Medicaid classification of brands and generics for rebate purposes also discourages biosimilar use. The program considers them single-source products, which requires manufacturers to pay rebates set for brands, and not the lower rate allowed generics.
Such decisions are in the spotlight now following revelations that Medicaid misclassified Mylan’s $600 Epi-Pen as a generic. That saved the company millions on rebates, but led to a $465 million payment to settle the issue in
October. This episode has prompted Congressional investigations into the Medicaid classification process, starting with claims from Sen. Chuck Grassley (R-Iowa) that CMS has failed to take action in at least two other cases. The issue may be addressed further as part of broader Medicaid reform efforts by Congress and the Trump administration.

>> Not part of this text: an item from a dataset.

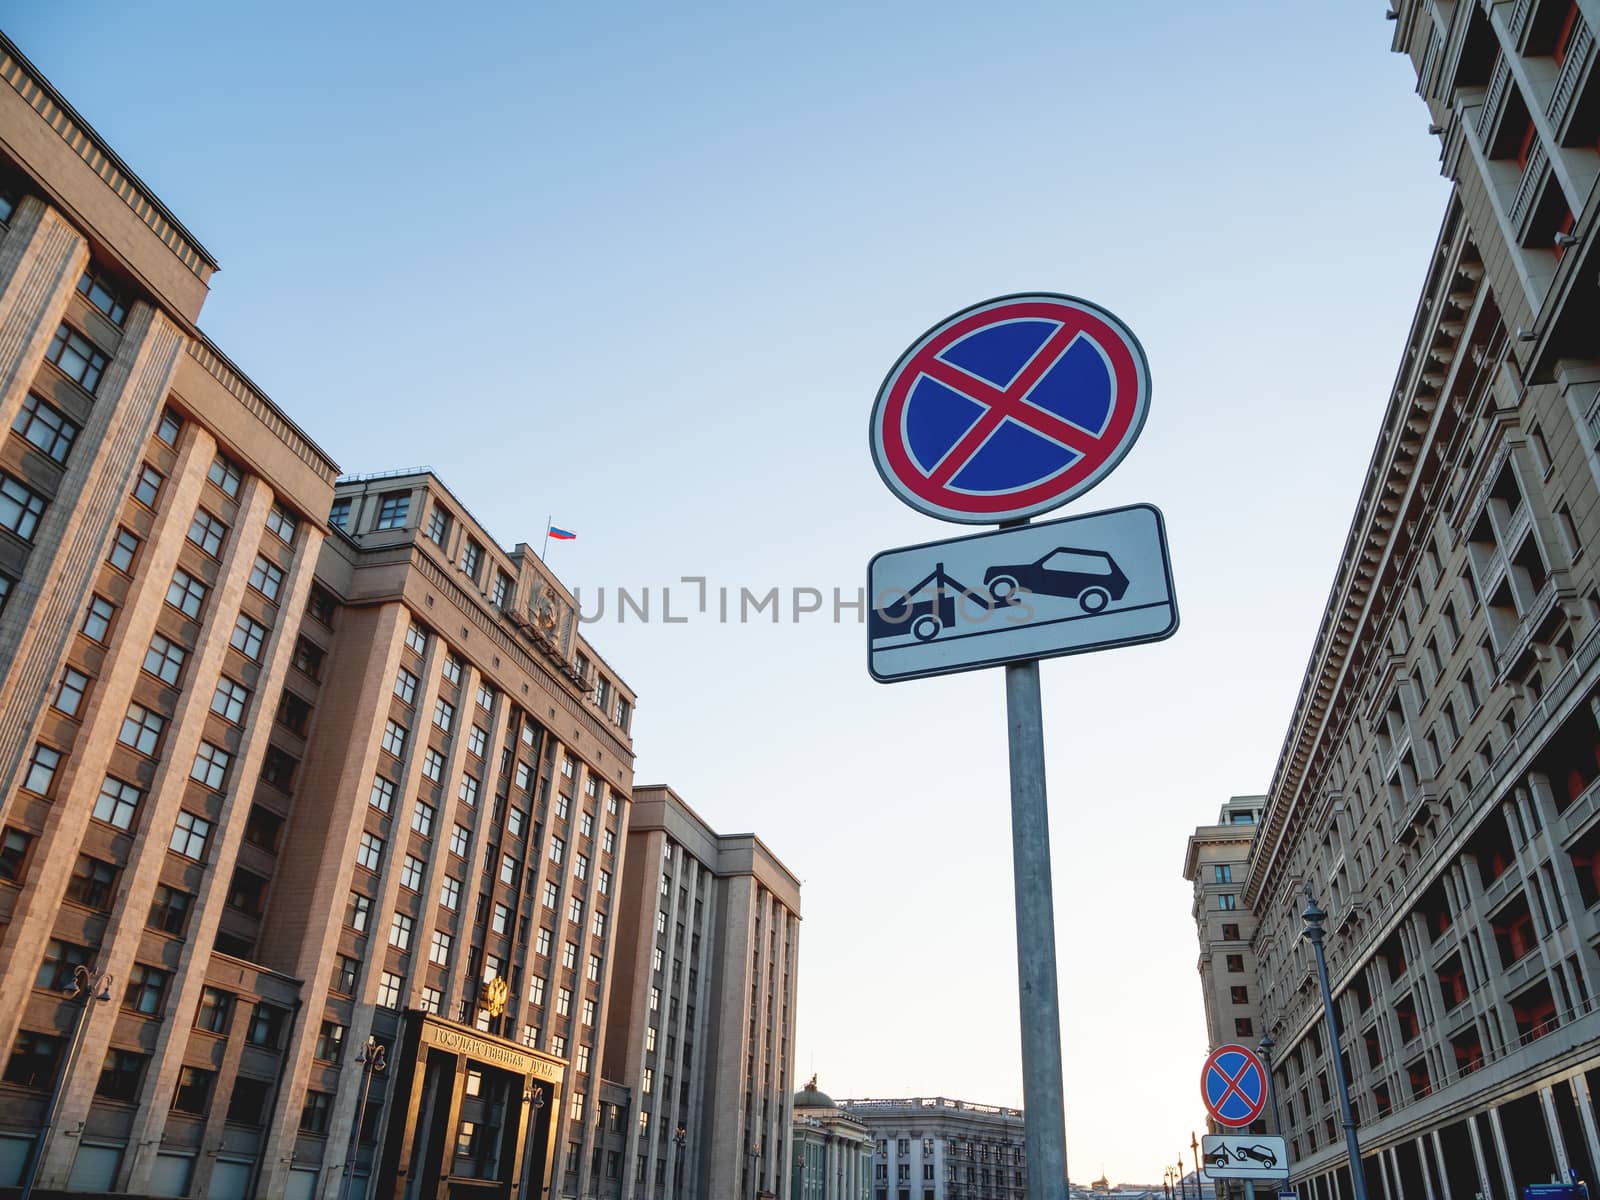 Building of State Duma of Russia inscribed - State Parliament Deserted Okhotny Ryad street. Moscow, Russia. by aksenovko

The focus on exorbitant drug price increases also has hit generic drug companies, which usually receive kudos for providing less costly alternatives to brands that save consumers and payers millions. But huge price hikes on certain common and inexpensive antibiotics and diabetes medicines have led to investigations and charges of price fixing and antitrust violations. State attorneys general filed a lawsuit in December charging six leading generics firms for collusion to fix prices, and the Department of Justice (DOJ) brought similar charges against two former industry executives. Investigations continue, and more prosecutions are expected.